Congratulations for completing the 250 Box Challenge!

Your did a pretty good job overall and I can see you are making a lot of good progress with your boxes. When I compare your early work to your later boxes I can see that you have made some improvements with the quality of your mark making. Your lines grow steadily straighter and more confident looking. You also do a better job of getting your sets of parallel lines to converge more consistently towards their shared vanishing points!

One thing I notice about your boxes is that you had a tendency to draw them a bit small. Part of why we have the limit of 5-6 boxes per page is so that students have enough room to draw their boxes at a reasonable size while also leaving some space to extend your lines. Drawing bigger helps engage your brain's spatial reasoning skills, whereas drawing smaller impedes them. I can also see that you did not have much variety with your boxes. Specifically with their foreshortening. Make sure that when you are practicing your boxes that you employ a variety of orientations and foreshortening to your boxes so that you can get the most out of your practice.

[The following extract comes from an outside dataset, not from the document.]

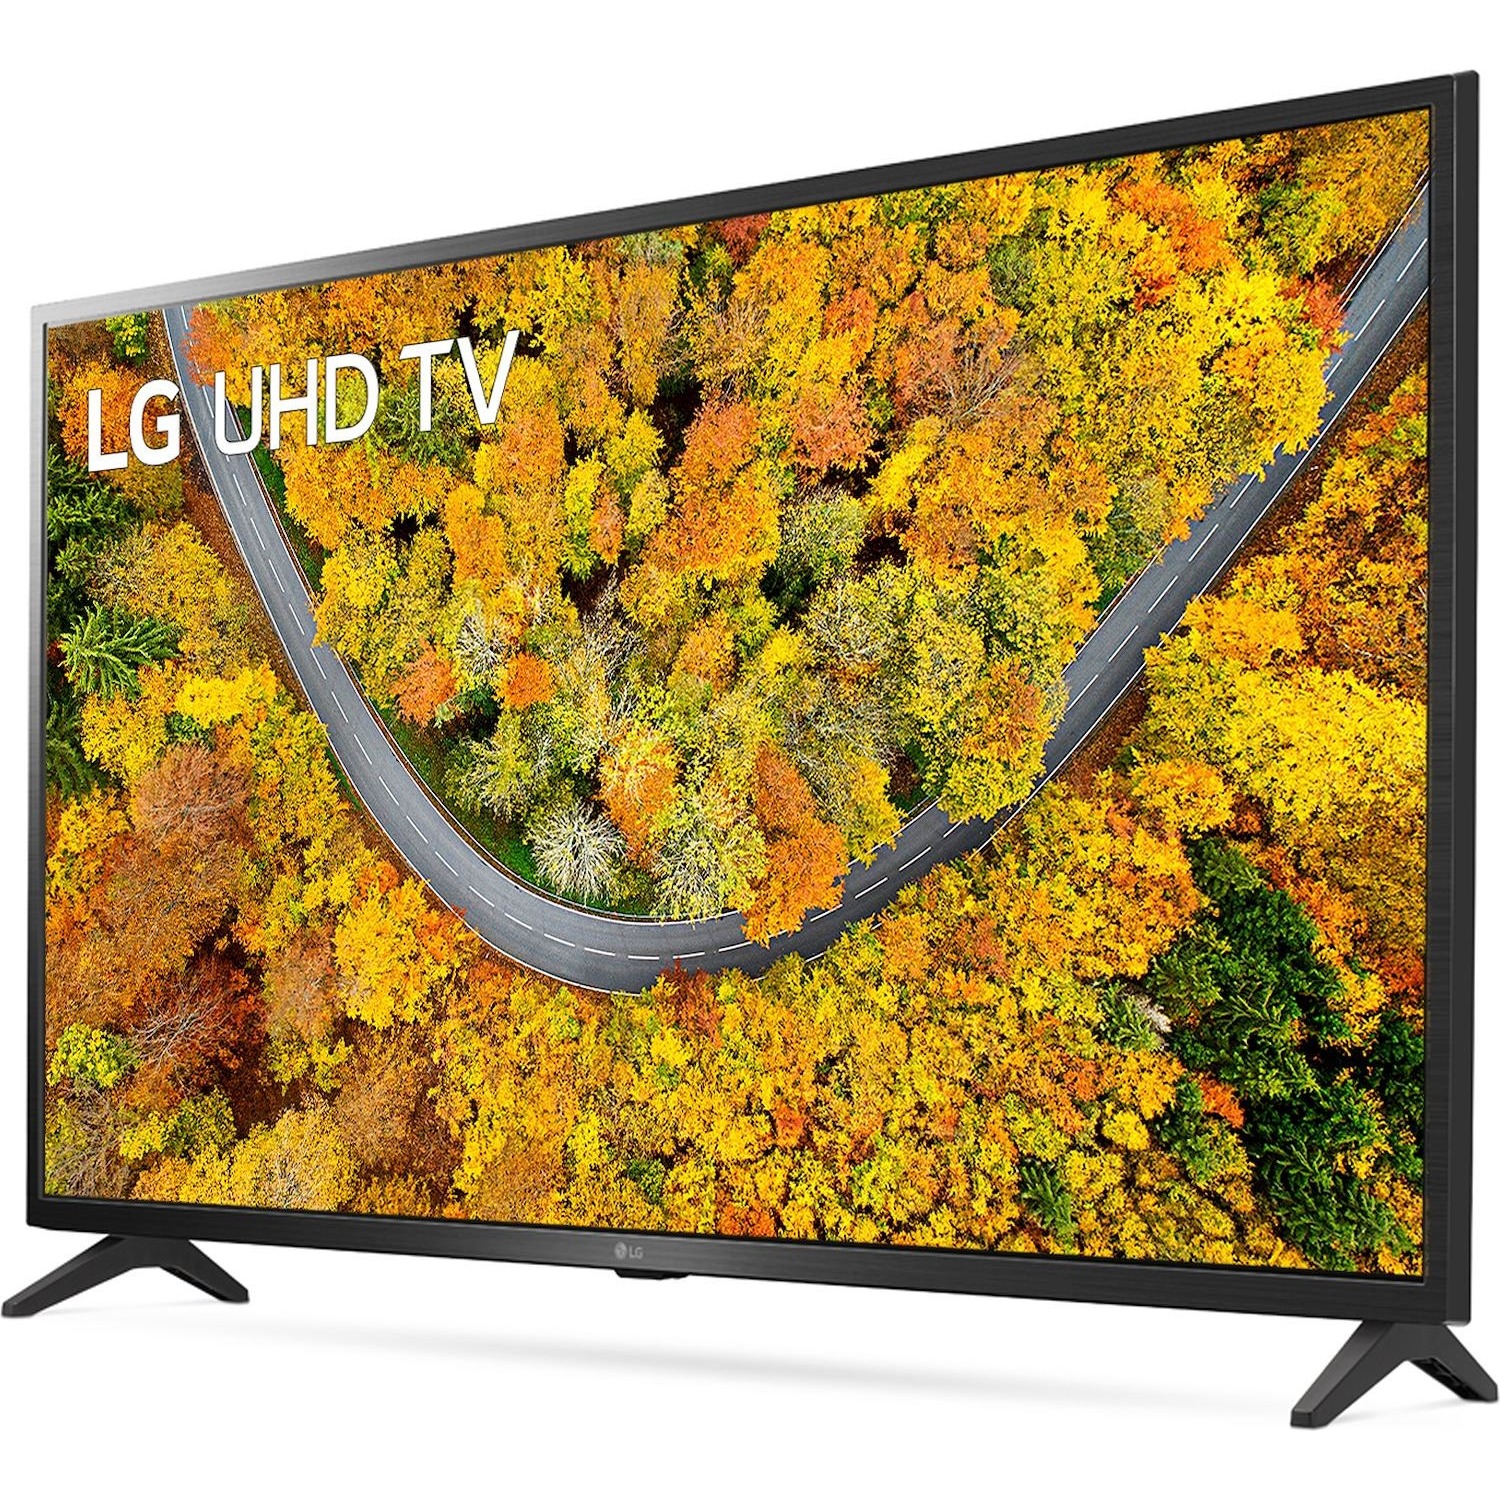 Immagine per TV LED Smart 4K UHD LG 43UP75006 da DIMOStore

I would also strongly encourage you to add extra line weight to your boxes, as an added step for those warm ups. When you go to add weight to a line it is important that you treat the added weight the same way you would a brand new line. That means taking your time to plan and ghost through your mark so that when you go to execute it the mark blends seamlessly with your original mark. This will allow you to create more subtle and clean looking weight to your lines that reinforces the illusion of solidity in your boxes/forms. This is something that you will improve with consistent practice, so make sure that you include this step in your regular warm ups. You can also read more about this here.

Finally while your convergences do improve overall I think this diagram will help you further develop that skill as you continue through Drawabox. So, when you are looking at your sets of lines you want to be focusing only on the lines that share a vanishing point. This does not include lines that share a corner or a plane, only lines that converge towards the same vanishing point. Now when you think of those lines, including those that have not been drawn, you can think about the angles from which they leave the vanishing point. Usually the middle lines have a small angle between them, and this angle will become negligible by the time they reach the box. This can serve as a useful hint.

Congrats again and good luck with lesson 2!